Re: Seemingly duplicated radicals, reasoning?

From: James Kass (thunder-bird@earthlink.net)
Date: Mon Dec 24 2007 - 16:40:56 CST

  • Next message: Jeroen Ruigrok van der Werven: "Re: Seemingly duplicated radicals, reasoning?"

    Jeroen Ruigrok van der Werven wrote,

    > What I do not understand is why there are radicals in both blocks for at least
    > the following:
    >
    > U+2e95 and U+2f39 - radical snout (two) (a bit dubious one, since the latter
    > seems to have the bottom stroke drawn past the standing stroke)
    > U+2ed1 and U+2fa7 - radical long (one) (no apparent difference)
    > U+2ee3 and U+2fbb - radical bone (no apparent difference)
    > U+2ee4 and U+2fc1 - radical ghost (no apparent difference)
    >
    > Since I am going to use radicals for an application I am developing I want to
    > be sure I am not misunderstanding anything. If the above are indeed not
    > different would I just have to make sure I use the Kangxi radical over the CJK
    > Supplemental one?

    In the MingLiU font, the following pairs don't necessarily look
    identical. This is also true of other fonts, but the differences
    aren't always consistent.

    In MingLiU:
    ⺕ ⼹ - The first is about half height, the second stroke of the
         first glyph extends through its first stroke
    ⻑ ⾧ - The first looks as though it has one fewer stroke than
         the second.
    ⻣ ⾻ - The first, the corner inside the box opens at the left
         rather than the right. In other words, the corner inside
         the box on the first is an upper right corner, it is an upper
         left corner in the second glyph.
    ⻤ ⿁ - The first looks like one fewer stroke, stroke five of the
         first glyph extends to the baseline.

    As you probably know, all of the kangxi radicals are also
    encoded as characters in the ideographic ranges.

    So, 彐 (# 58), 長 (#168), 骨 (#188), and 鬼 (#194) could
    be referred to as U+5F50, U+9577, U+9AA8, and U+9B3C,
    respectively.

    Quoting from T.U.S. 5.0 page 426,
    "Semantics. Characters in the CJK and KangXi Radicals blocks should
    never be used as ideographs. They have different properties and meanings.
    U+2F00 KANGXI RADICAL ONE is not equivalent to U+4E00 CJK UNIFIED
    IDEOGRAPH-4E00, for example.
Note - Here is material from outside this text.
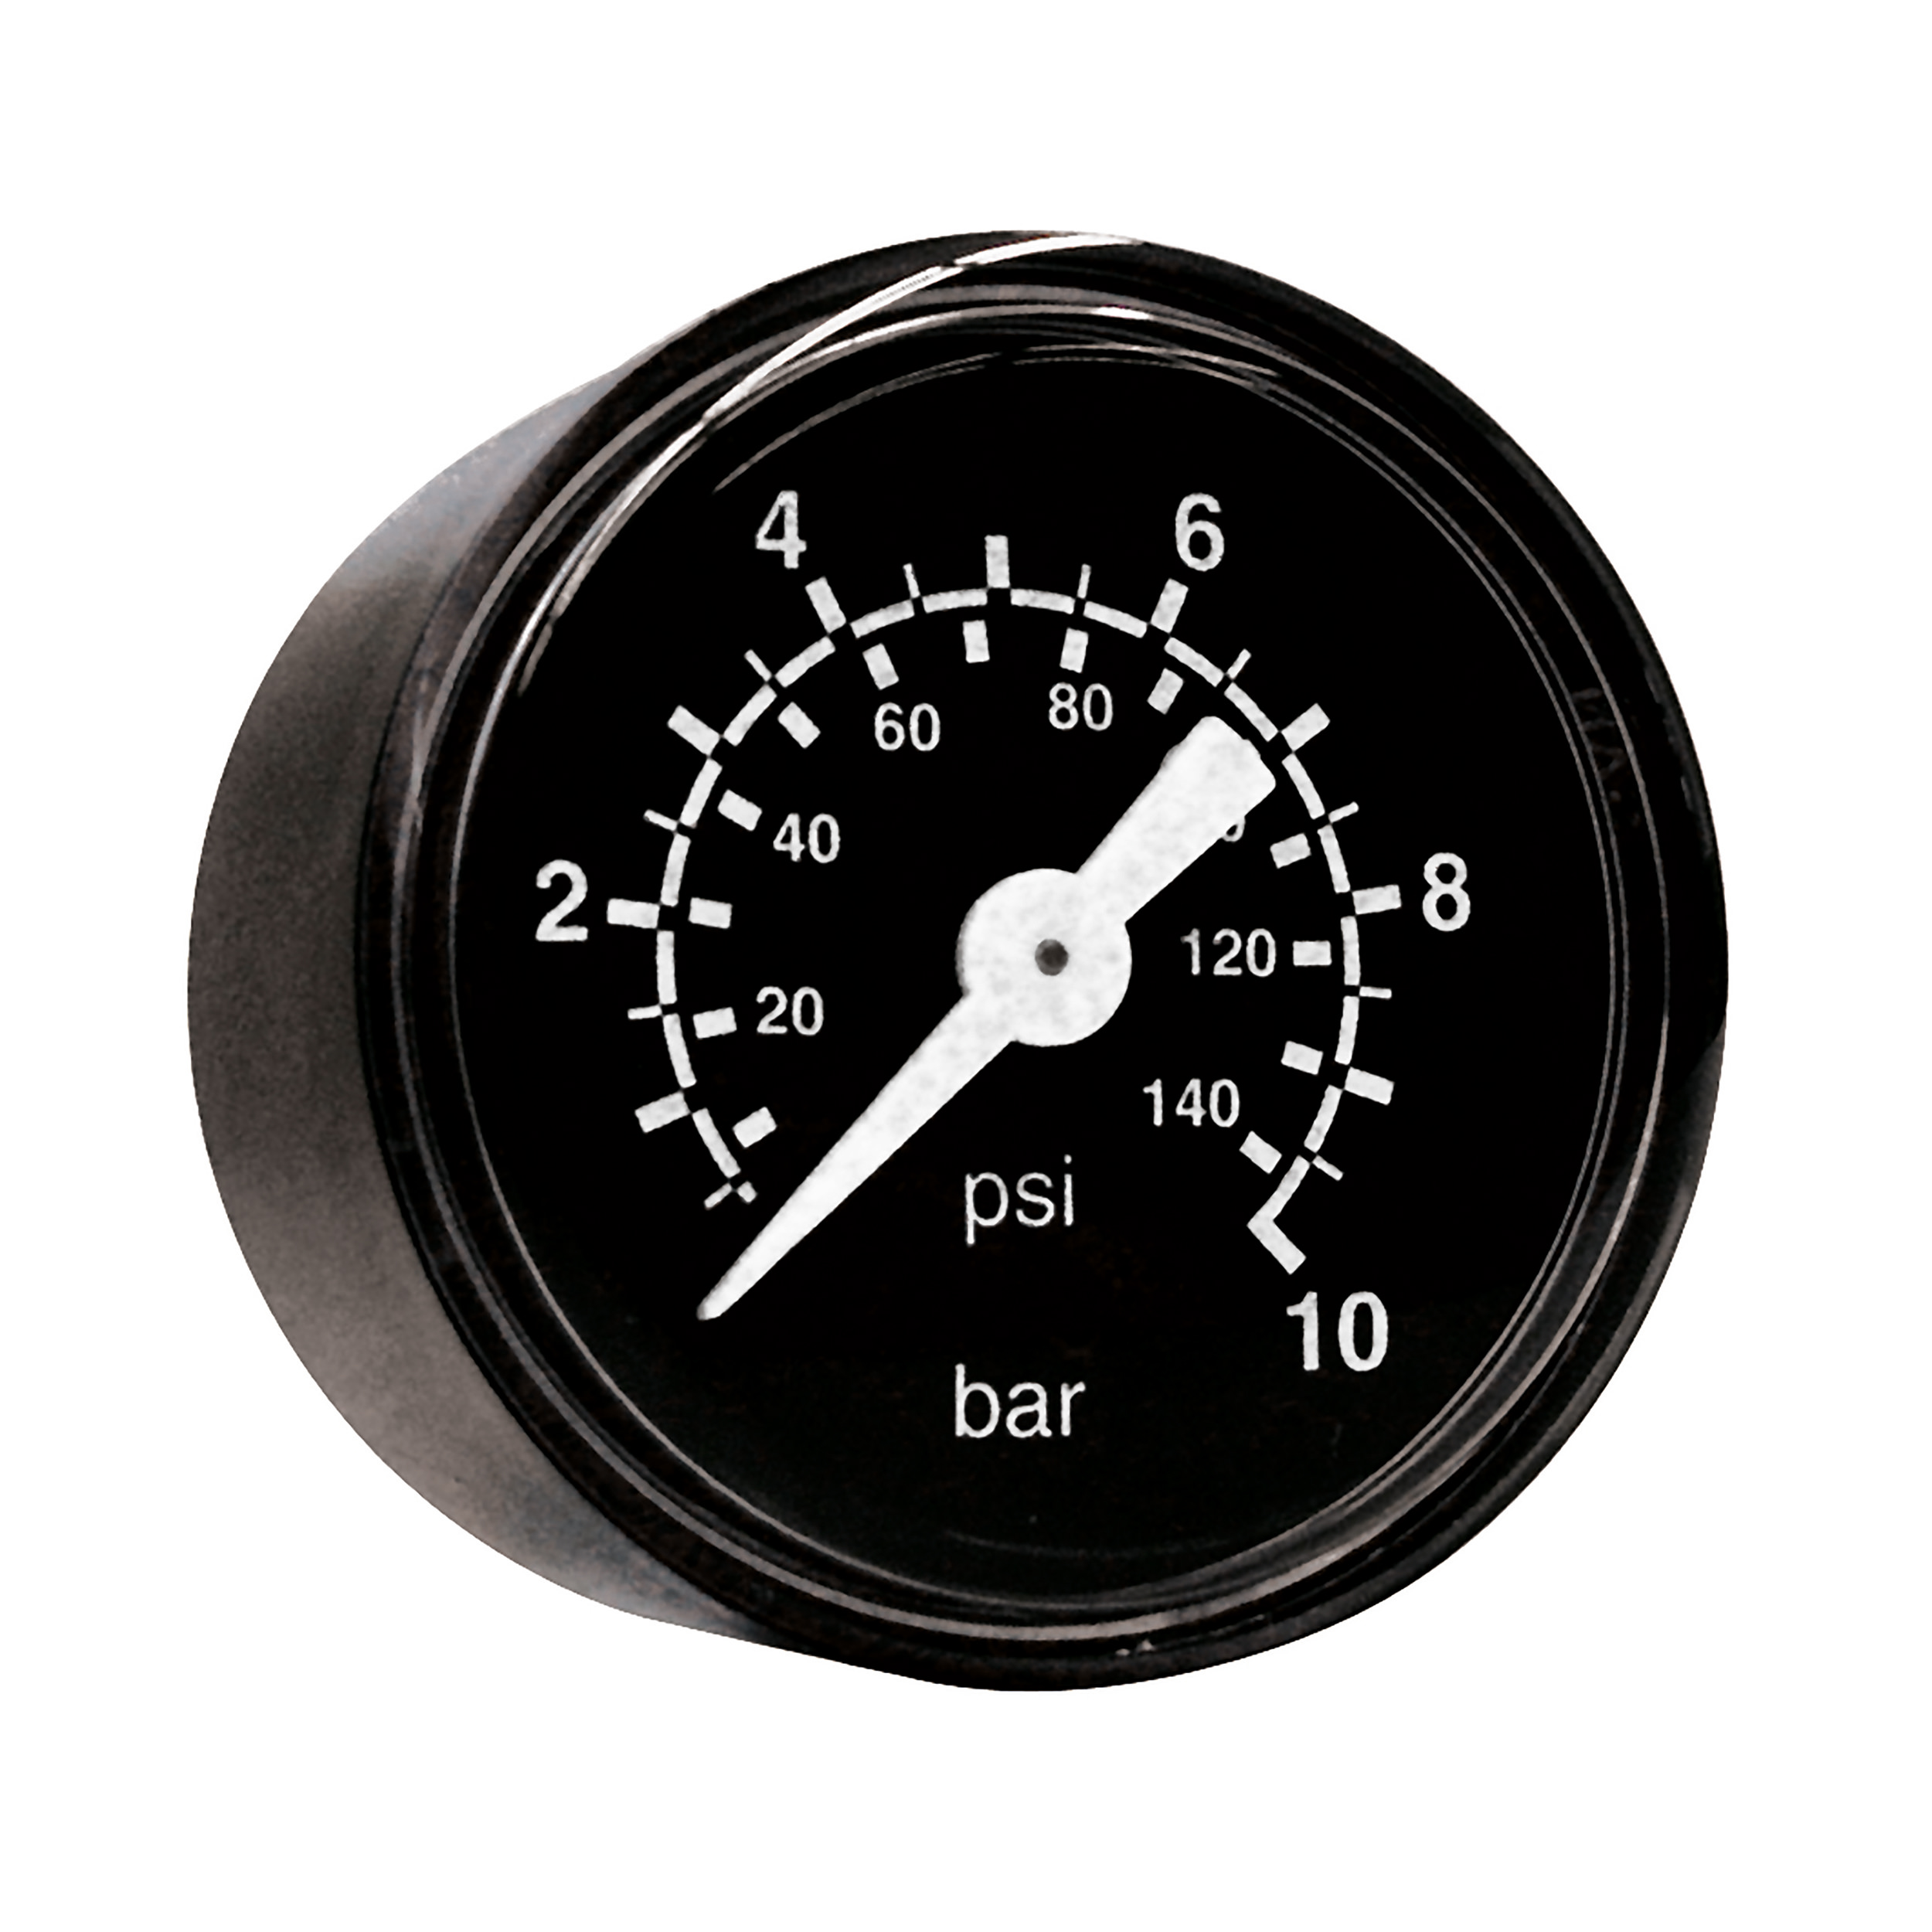 Rohrfeder-Manometer Ø40, Klasse 2,5, Grund/Aufdruck: schwarz/weiß, Anschluss waagrecht: M8 × 1, Anzeigebereich: 0–16 bar

The former is to be treated as a symbol,
    the latter as a word or part of a word.

    "The characters in the CJK and KangXi Radicals blocks are compatibility
    characters. Except in cases where it is necessary to make a semantic
    distinction between a Chinese character in its role as a radical and the
    same Chinese character in its role as an ideograph, the characters from
    the Unified Ideographs blocks should be used instead of the compatibility
    radicals. To emphasize this difference, radicals may be given a distinct
    font style from their ideographic counterparts."

    In the section titled "CJK and KangXi Radicals: U+2E80-U+2FD5" which
    starts on page 425, it is mentioned that CNS 11643-1992 included a
    block of radicals in addition to the ideographs, and that the block
    contained 212 of the 214 radicals. This suggests that the inclusion
    of a separate block for the already encoded radicals (as ideographs)
    was done for reasons of compatibility.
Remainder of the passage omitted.